There are a number of options that may be available to fraud victims in England and Wales who want to try and recover their losses. The main options are briefly described in this section.

Of course, the likelihood of recovering losses ultimately depends on whether the fraudster has sufficient money or assets to pay - and this is not always the case.

Criminal prosecution

As a fraud victim you can choose to report the matter to Action Fraud (the UK’s national fraud and cybercrime reporting centre) or to the police. This is usually a no (or low) cost option for many fraud victims, particularly individuals and smaller businesses.

Not every case reported to the police will be investigated. A fraud case can be ‘screened out’ for a variety of reasons and at any of a number of different stages.

Diagram 1: Typical path through the criminal justice system for individual and smaller business victims of fraud

  • Step 1: victim reports to Action Fraud
  • Decision point: record case as information or crime?
  • Step 2: Crime report to NFIB
  • Decision point: should case be passed to a police force?
  • Step 3: case with viable leads referred to appropriate police force
  • Decision point: investigate or not?
  • Step 4: fully-investigated case passed to CPS
  • Decision point: prosecute or not?
  • Step 5: case proceeds to prosecution
  • Decision point: should victim compensation be requested?

If your case is successfully investigated by the police it will be referred to a prosecuting authority (usually the Crown Prosecution Service) who will decide whether or not to prosecute. If your case is prosecuted you may be asked to give evidence.
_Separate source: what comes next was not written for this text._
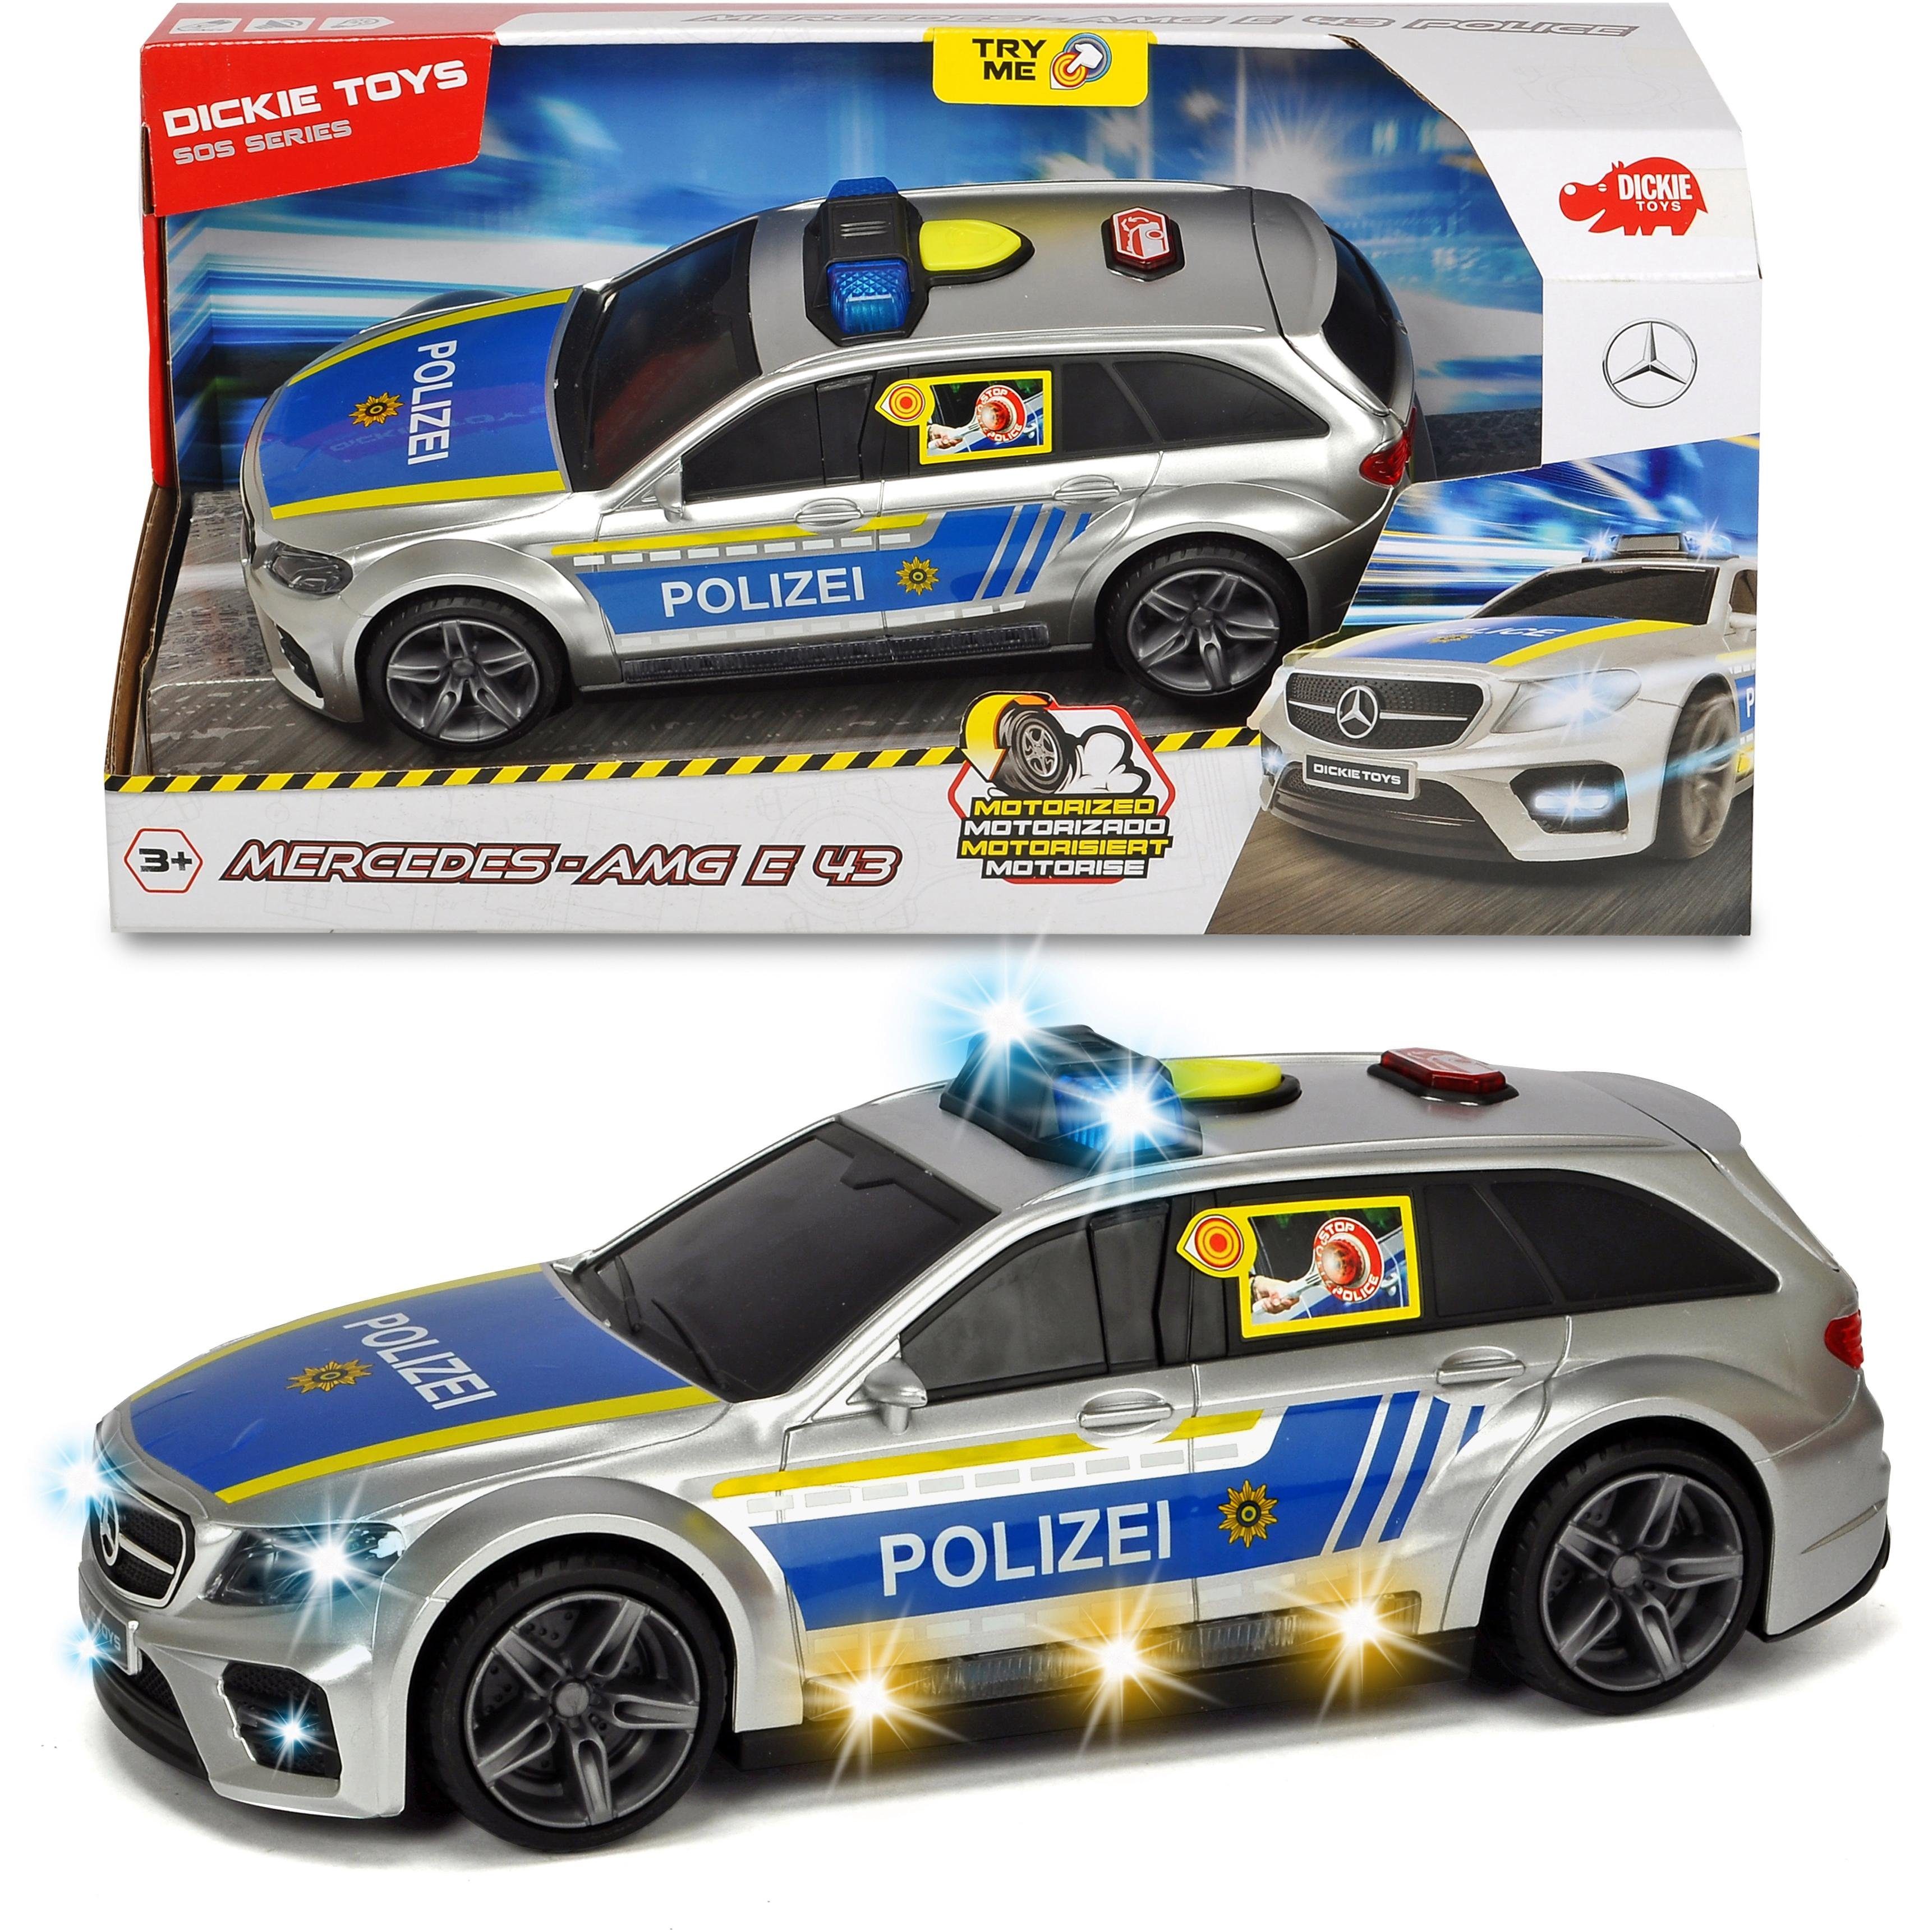  Dickie Toys Mercedes Benz E43 Amg Police - Car...

The CPS has produced a helpful guide for victims and witnesses on going to court.

Prosecutions are heard in either the Magistrates’ Court or the Crown Court. Both have discretionary power to order a convicted defendant to pay compensation to the victim (for personal injury, loss or damage resulting).

The way that criminal fraud is defined, investigated and prosecuted is different in Scotland. Read our factsheet on Fraud in Scotland for more information.
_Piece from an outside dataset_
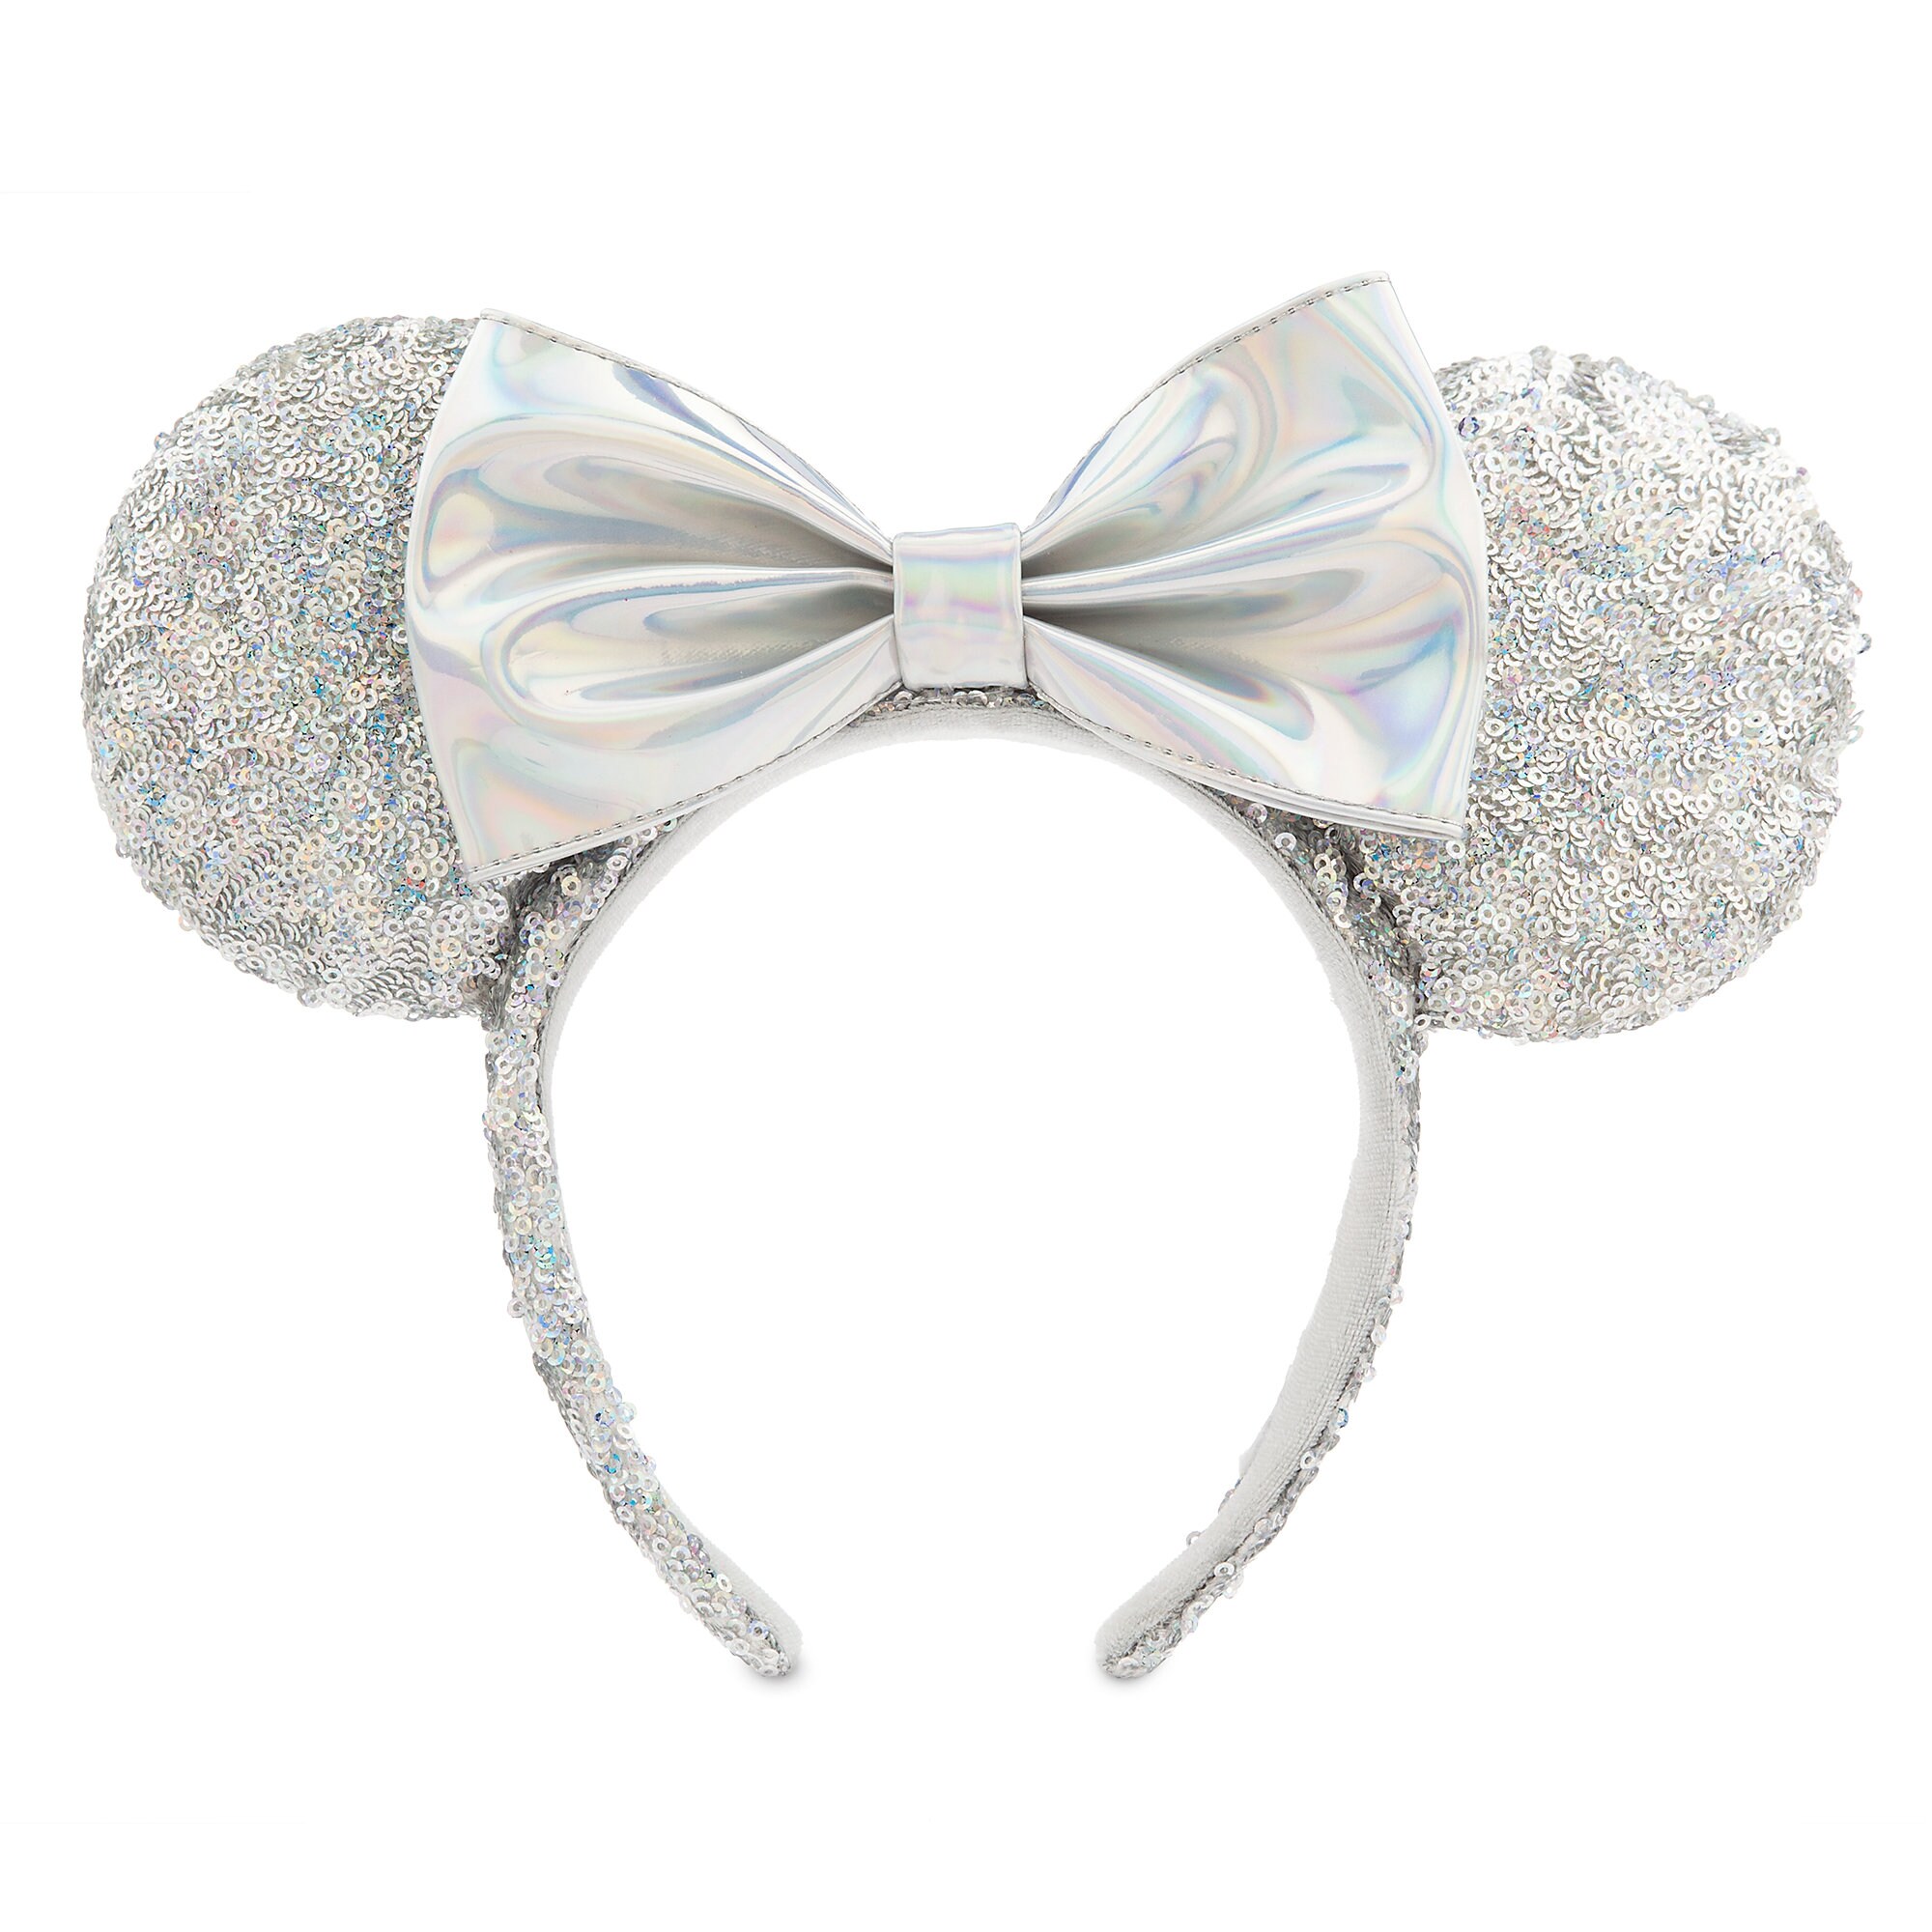 Minnie Mouse Sequined Ear Headband - Magic Mirror Metallic

Read our summary of the main differences between the criminal and civil justice systems for more information.

Private prosecutions

A private prosecution is an alternative to state prosecution that is started by a private individual or organisation that is not the police or CPS.

It can be brought by any person or organisation, but usually limited to high net worth individuals or large corporations who can afford to pay the upfront costs associated with the investigation and prosecution themselves.
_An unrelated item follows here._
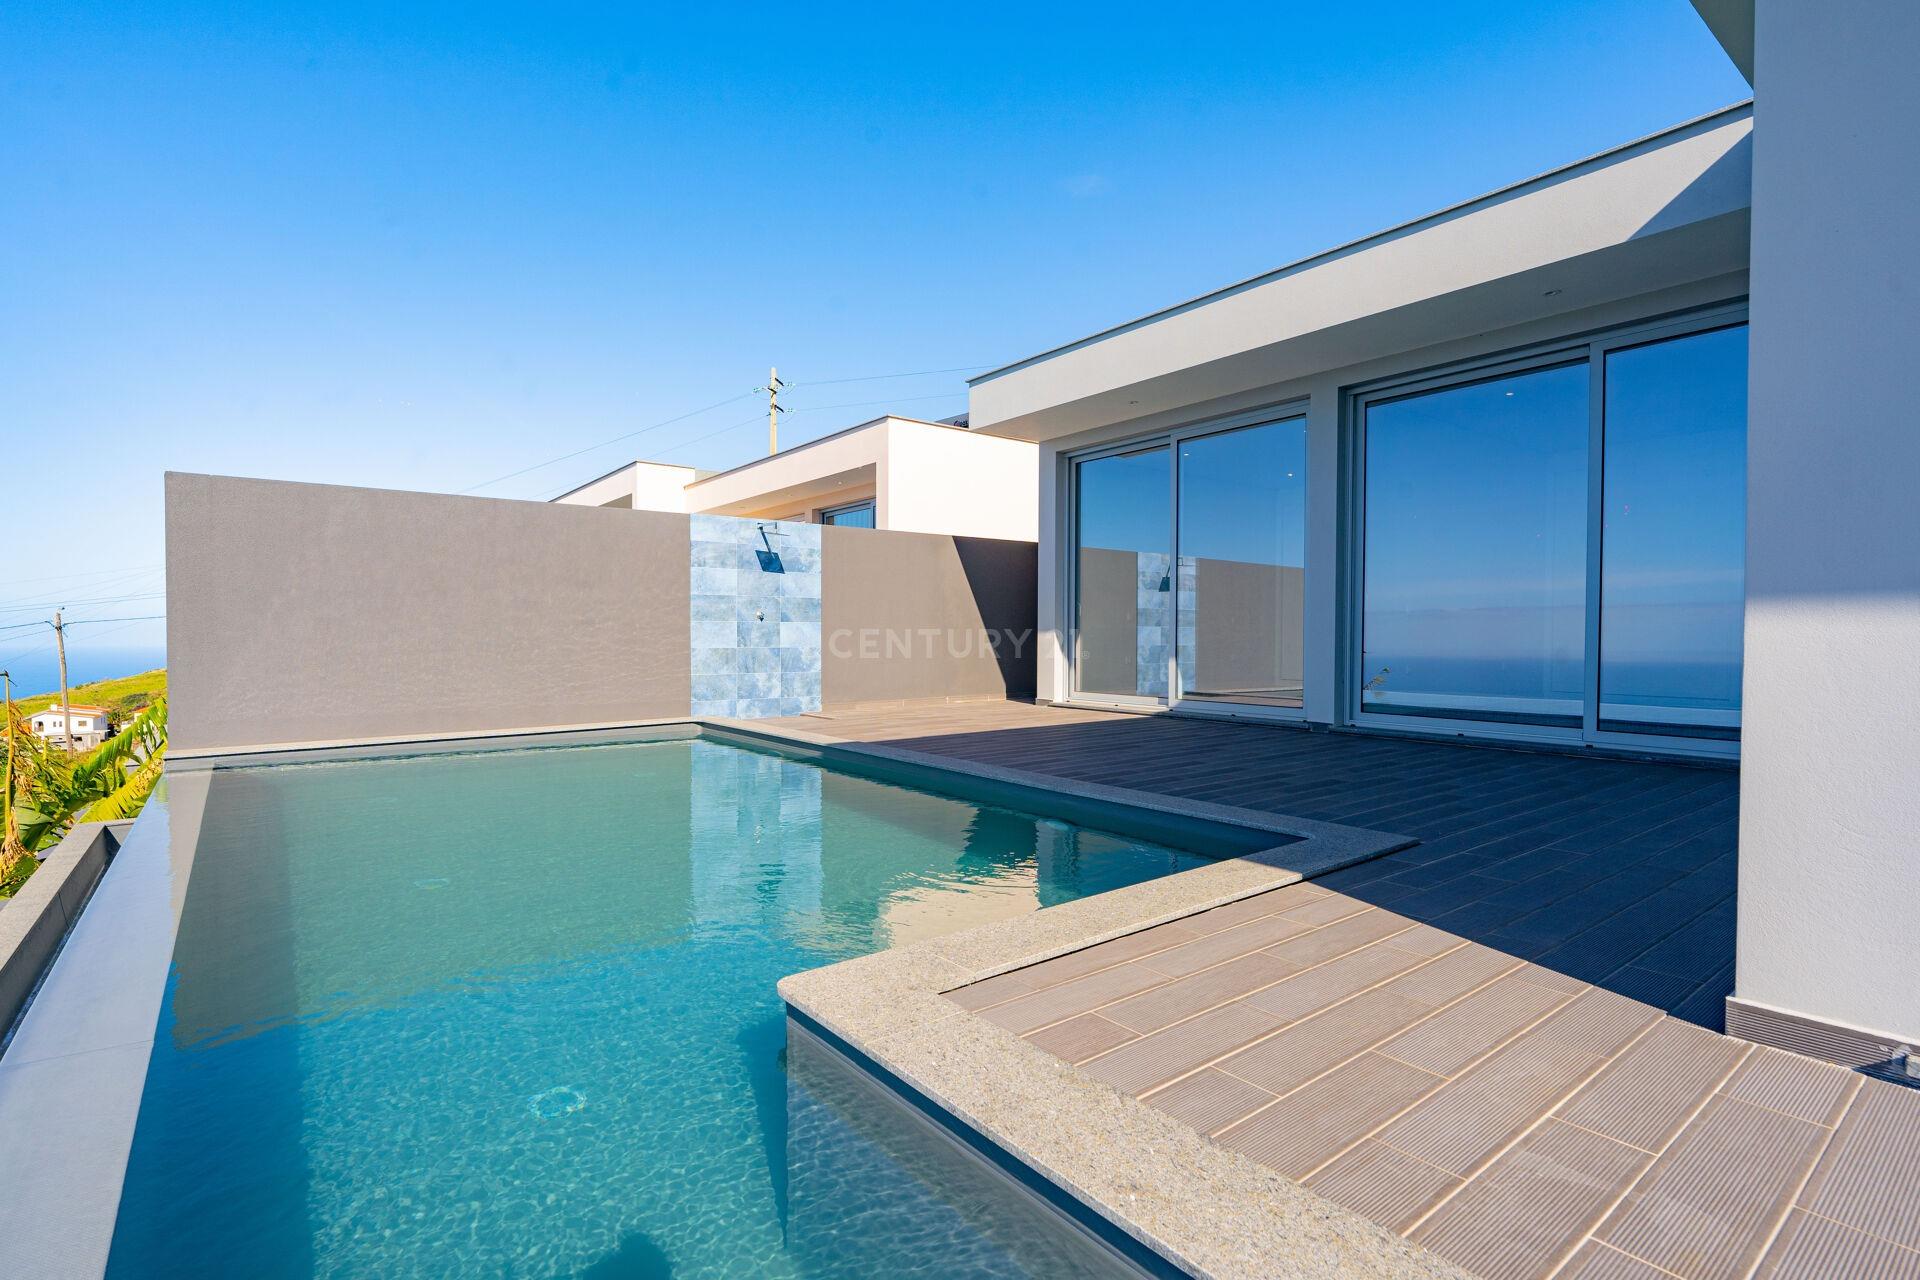 New Three Bedroom Single Storey House - Pool and Stunning Sea View - Calheta

Anyone contemplating a private prosecution should seek professional legal advice from a specialist solicitor or barrister. Read our factsheet on private prosecutions for more information.

 

Civil litigation and asset recovery

As a fraud victim you may decide to seek compensation and recover assets by suing the fraudster (the defendant) in the civil courts. Commonly, this will be for breach of contract or the tort of deceit.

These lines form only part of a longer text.